The cause of death of a Nigerian student who was found in Epping Forest in the UK after a missing person probe was ‘consistent with drowning’, an inquest has heard.
18-year-old Richard Okorogheye was found in a pond in the woodland on April 5, 2021, two weeks after he went missing from his home in Ladbroke Grove, west London.
Mr. Okorogheye had sickle cell anaemia and left home on the evening of March 22 without his medication.
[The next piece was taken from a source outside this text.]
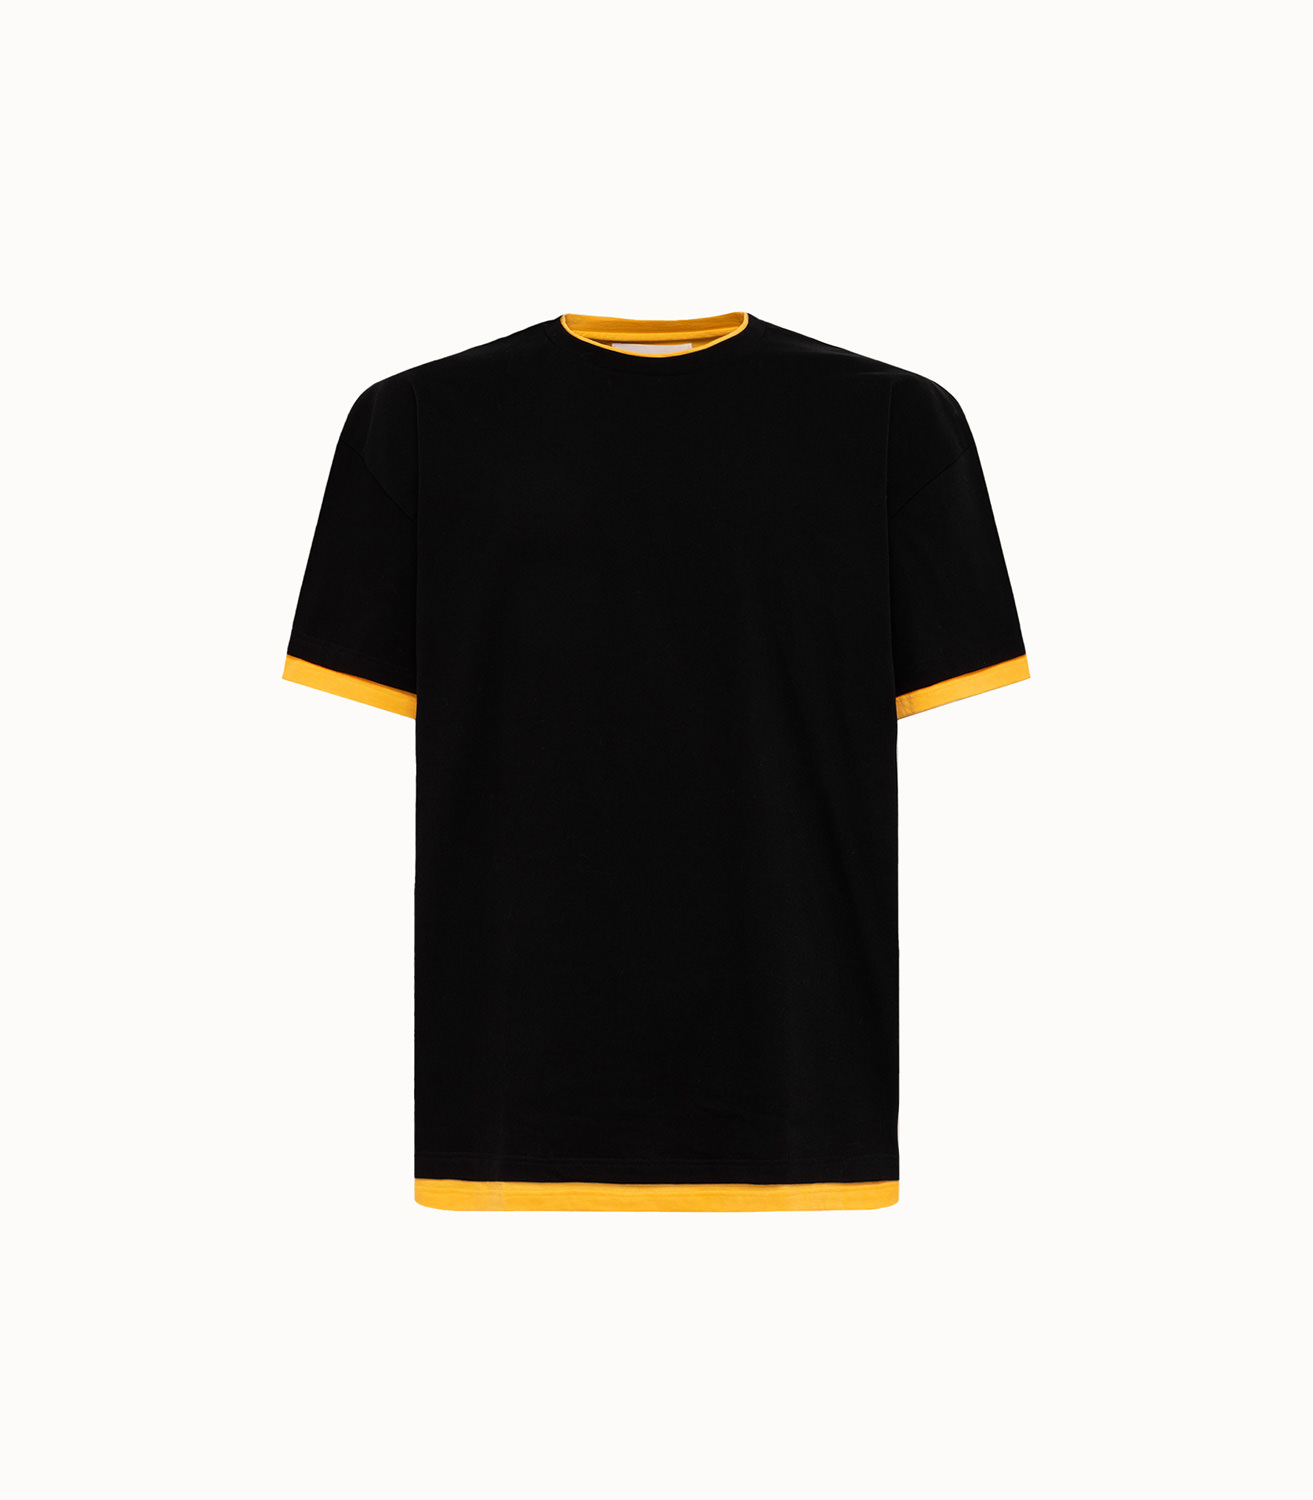 Solid Color Crew-Neck T-Shirt with Contrasting Print

His mother Evidence Joel contacted police the following day, but her son was not officially recorded as missing until 8 am on March 24.
Police watchdog the Independent Office for Police Conduct (IOPC) subsequently launched an investigation and said the force should apologise to his family after officers provided an ‘unacceptable level of service’ to his mother.
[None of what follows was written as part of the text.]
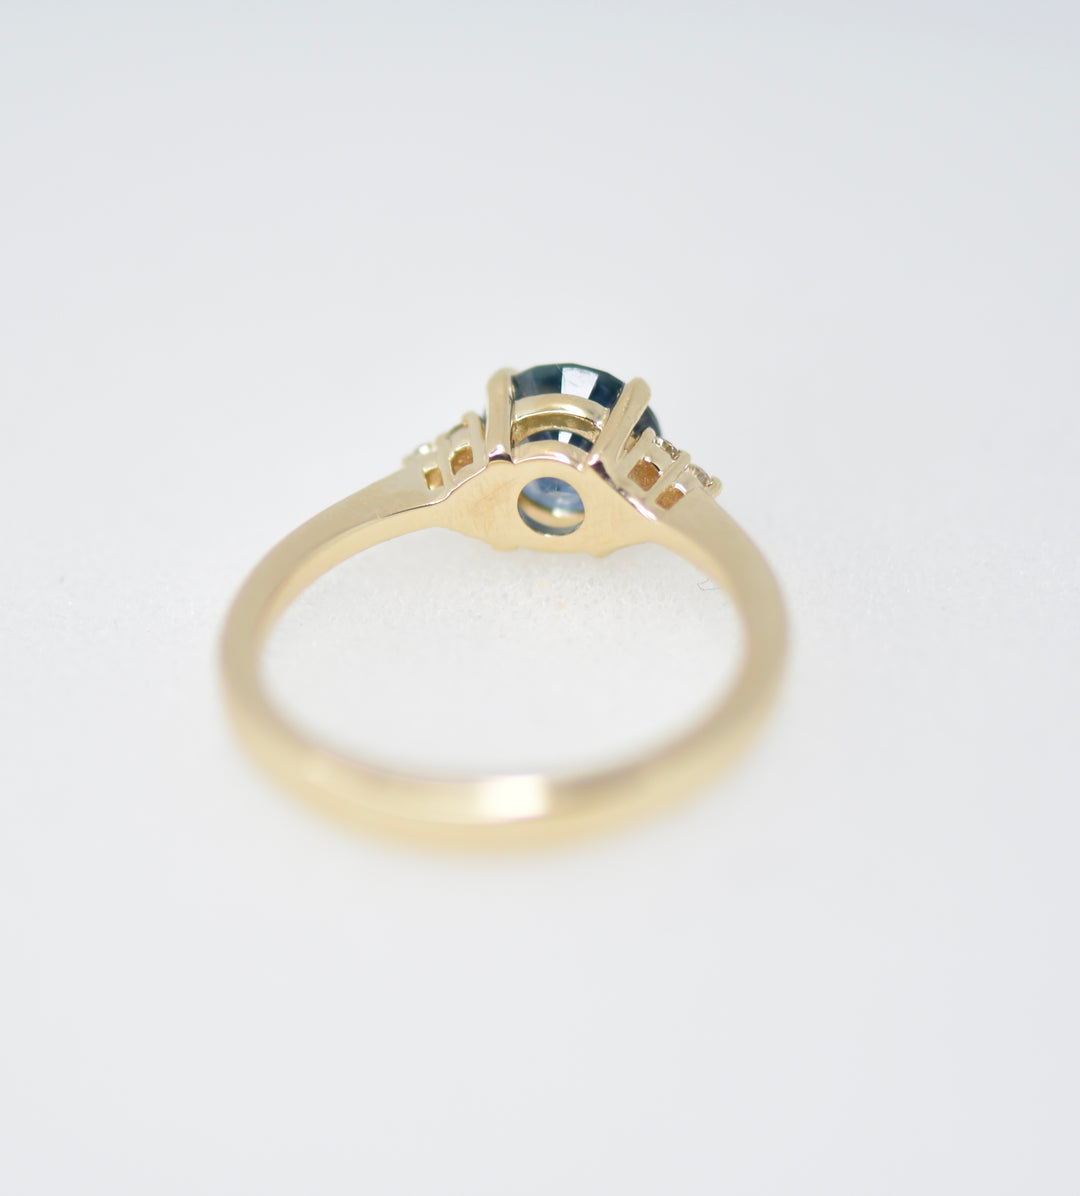 Teal Blue Green Montana Sapphire Solitaire Ring w/ Diamonds Accents 14K Gold, Teal Sapphire Engagement Ring

It added it found the performance of three police officers and three call handlers fell below the standard expected, but their actions did not meet the threshold for disciplinary action.
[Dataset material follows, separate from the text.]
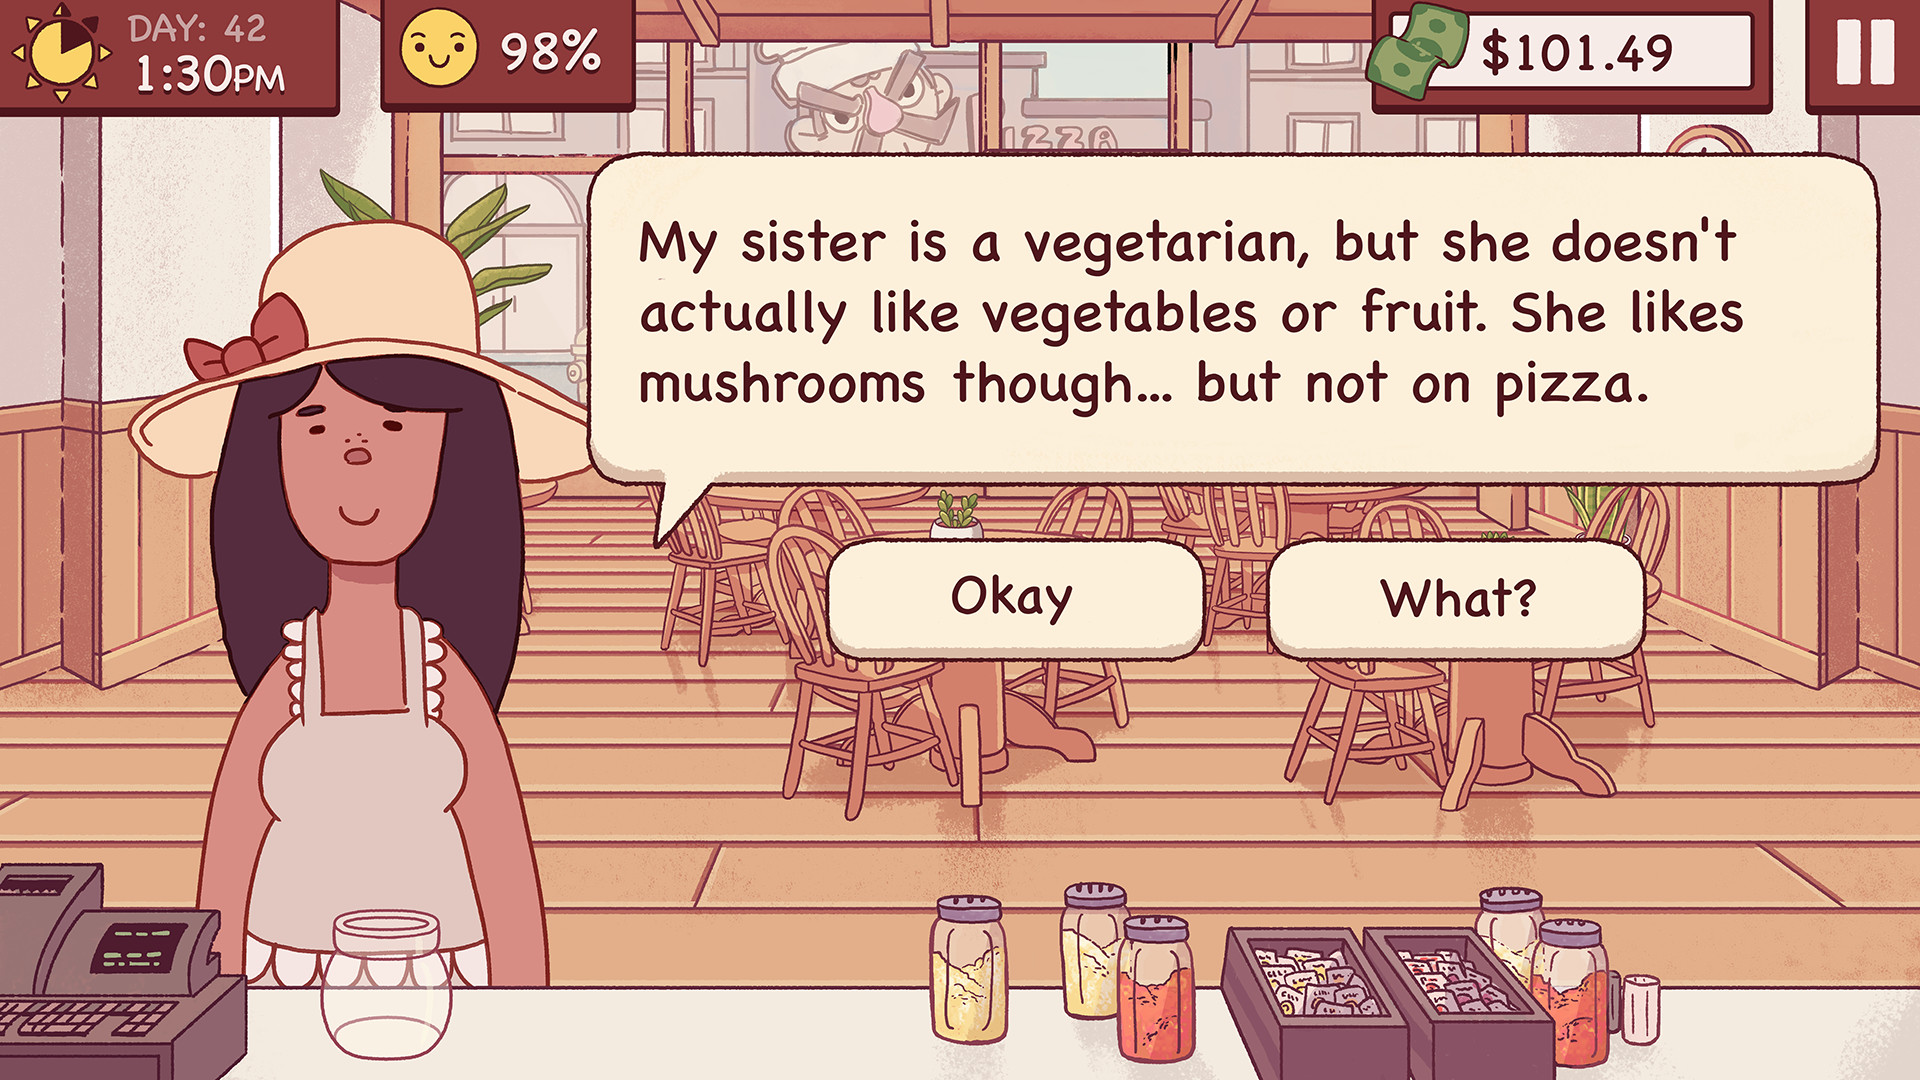 Trochoiviet Introduced Pizza Making Online Games to Its Cooking

The IOPC probe found that Mr Okorogheye should have been classed as a missing person earlier and he was defined as low risk for too long, while a call handler inaccurately recorded his medical condition as anaemia rather than sickle cell anaemia on the initial police report.
However, the evidence did not show that the delay in upgrading Mr Okorogheye’s risk level was due to his or Ms Joel’s race, it added.
Ms Joel also claimed a police officer made a racist comment but the watchdog said that, while it could be considered ‘unprofessional’, it could not conclude the remark was ‘influenced by any bias regarding Richard’s ethnicity’.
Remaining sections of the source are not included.